### Task goal
Find, in the records below, the line that contains "Pile of leaves" and the line that contains "Neurofibromatosis - NF". Copy those two lines and everything between them exactly, but not the pictures.

*** Opening Material shown ***

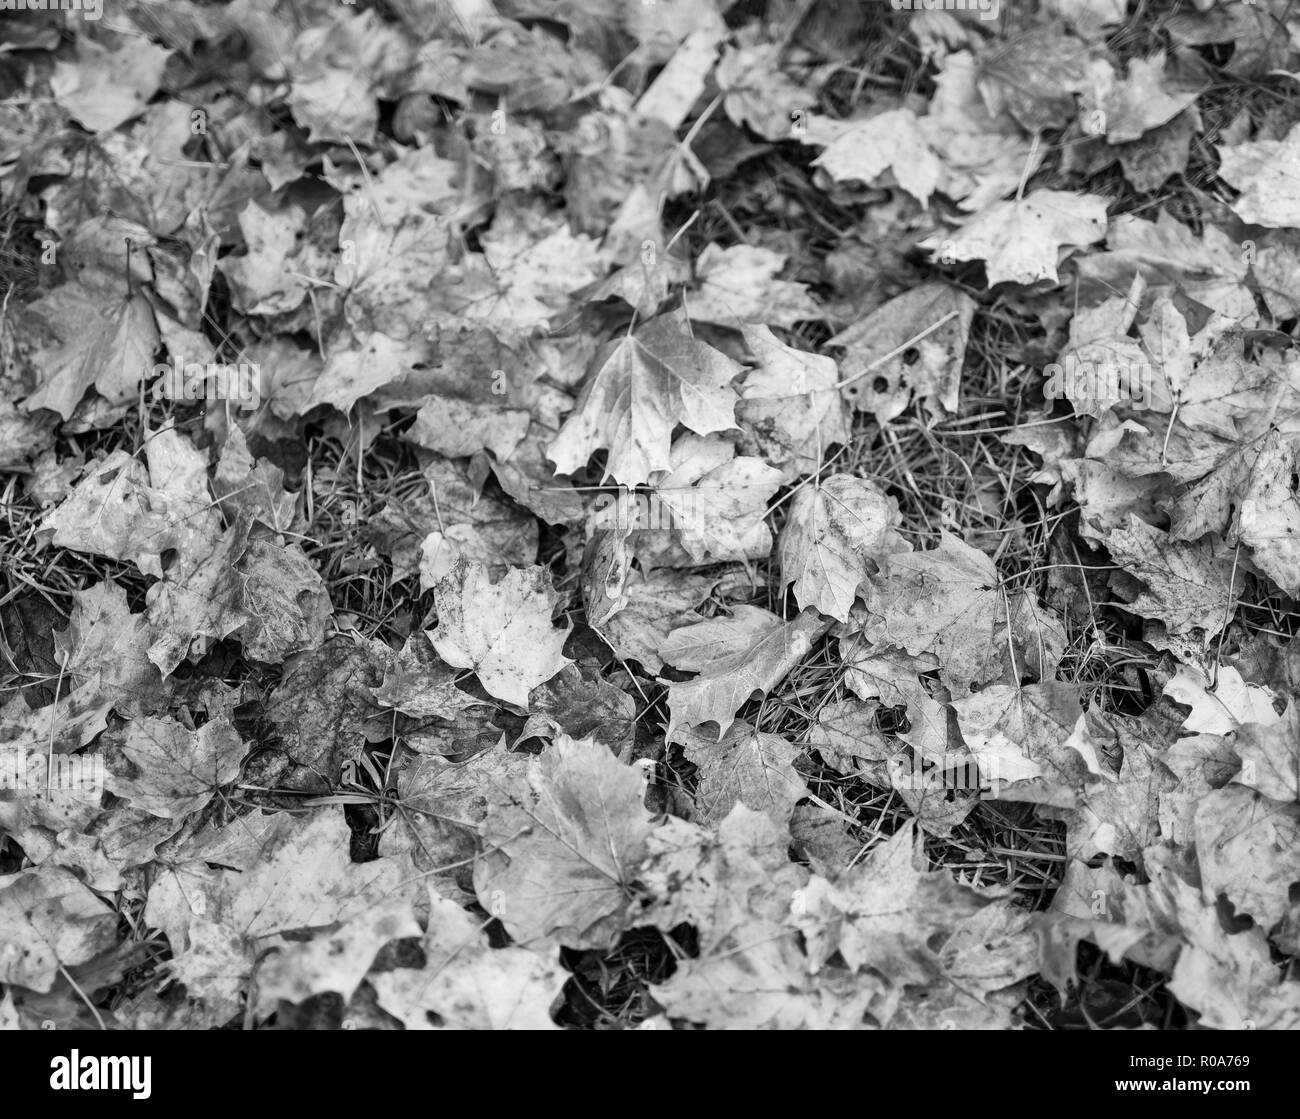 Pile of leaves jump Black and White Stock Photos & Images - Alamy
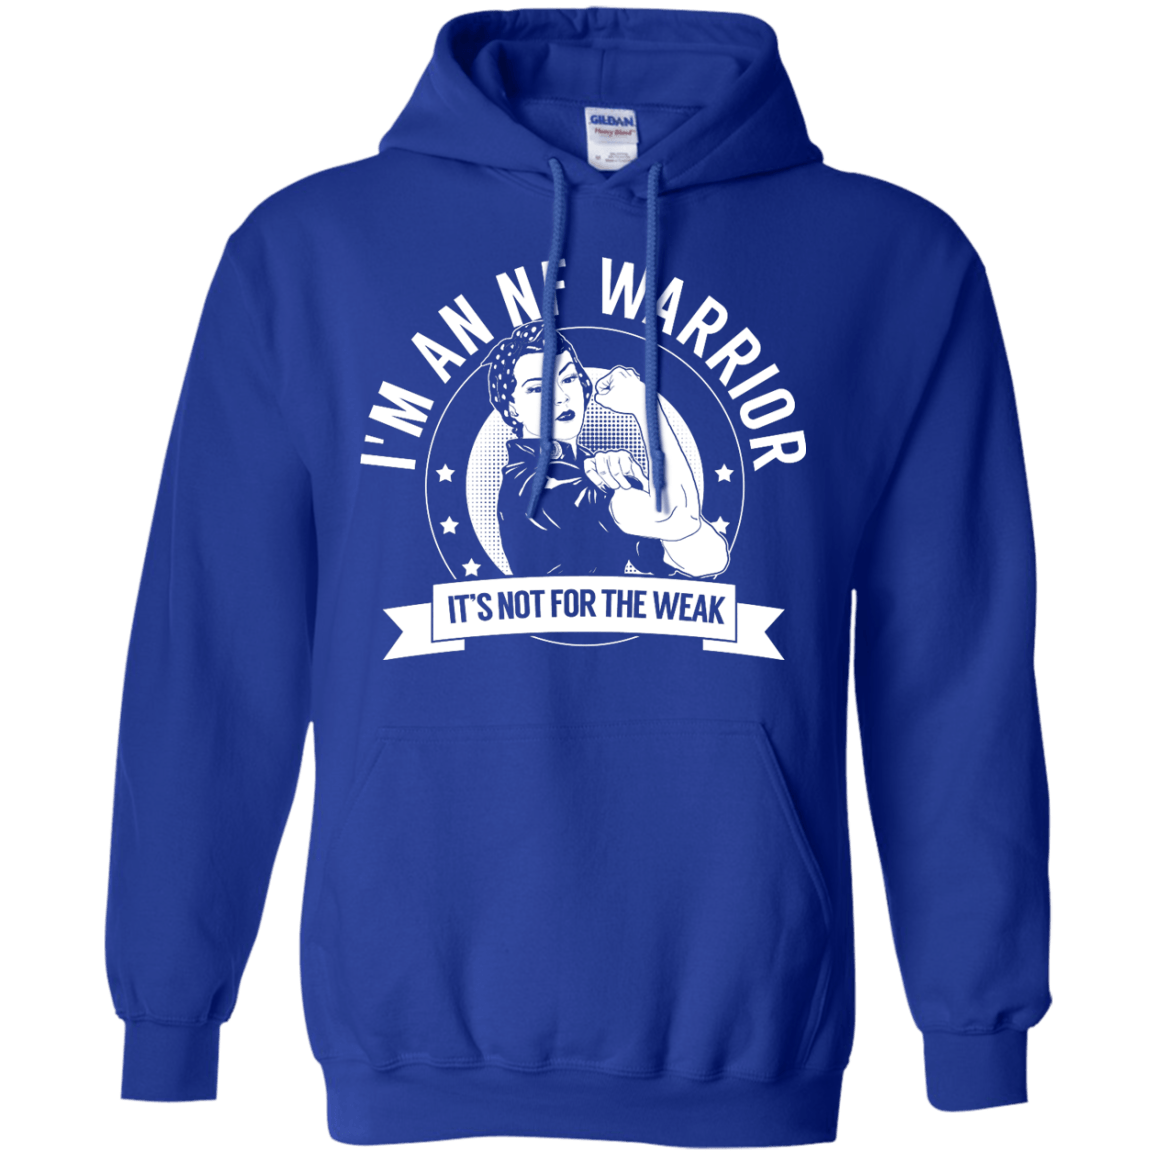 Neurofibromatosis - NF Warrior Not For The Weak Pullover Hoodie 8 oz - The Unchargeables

*** Closing Material shown ***
*** Opening Material shown ***

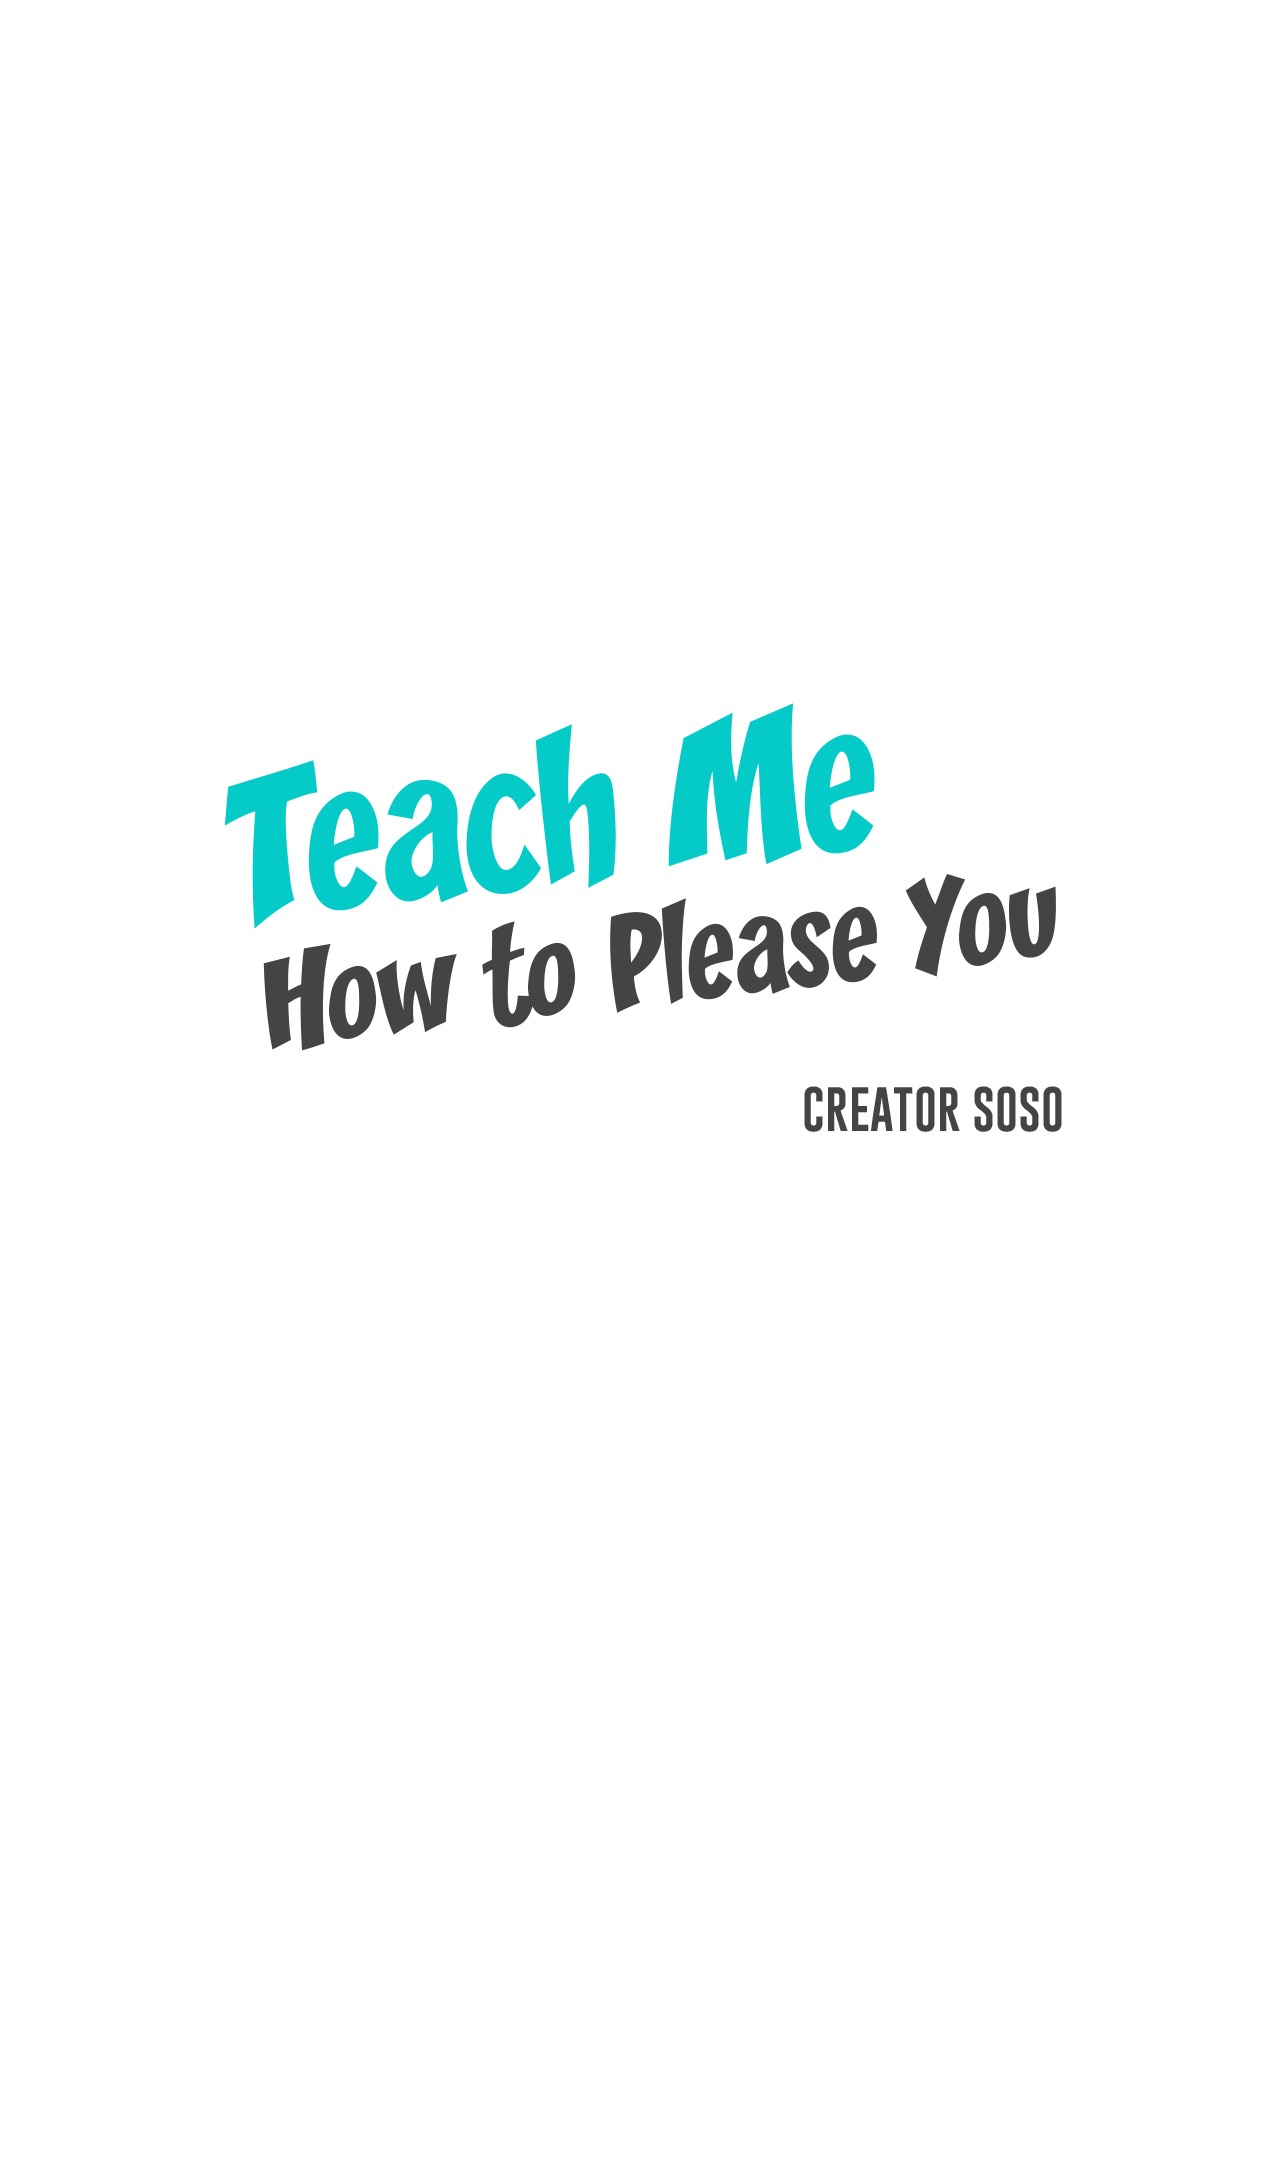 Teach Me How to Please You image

*** Closing Material shown ***

### Answer space
 Pile of leaves jump Black and White Stock Photos & Images - Alamy
 Neurofibromatosis - NF Warrior Not For The Weak Pullover Hoodie 8 oz - The Unchargeables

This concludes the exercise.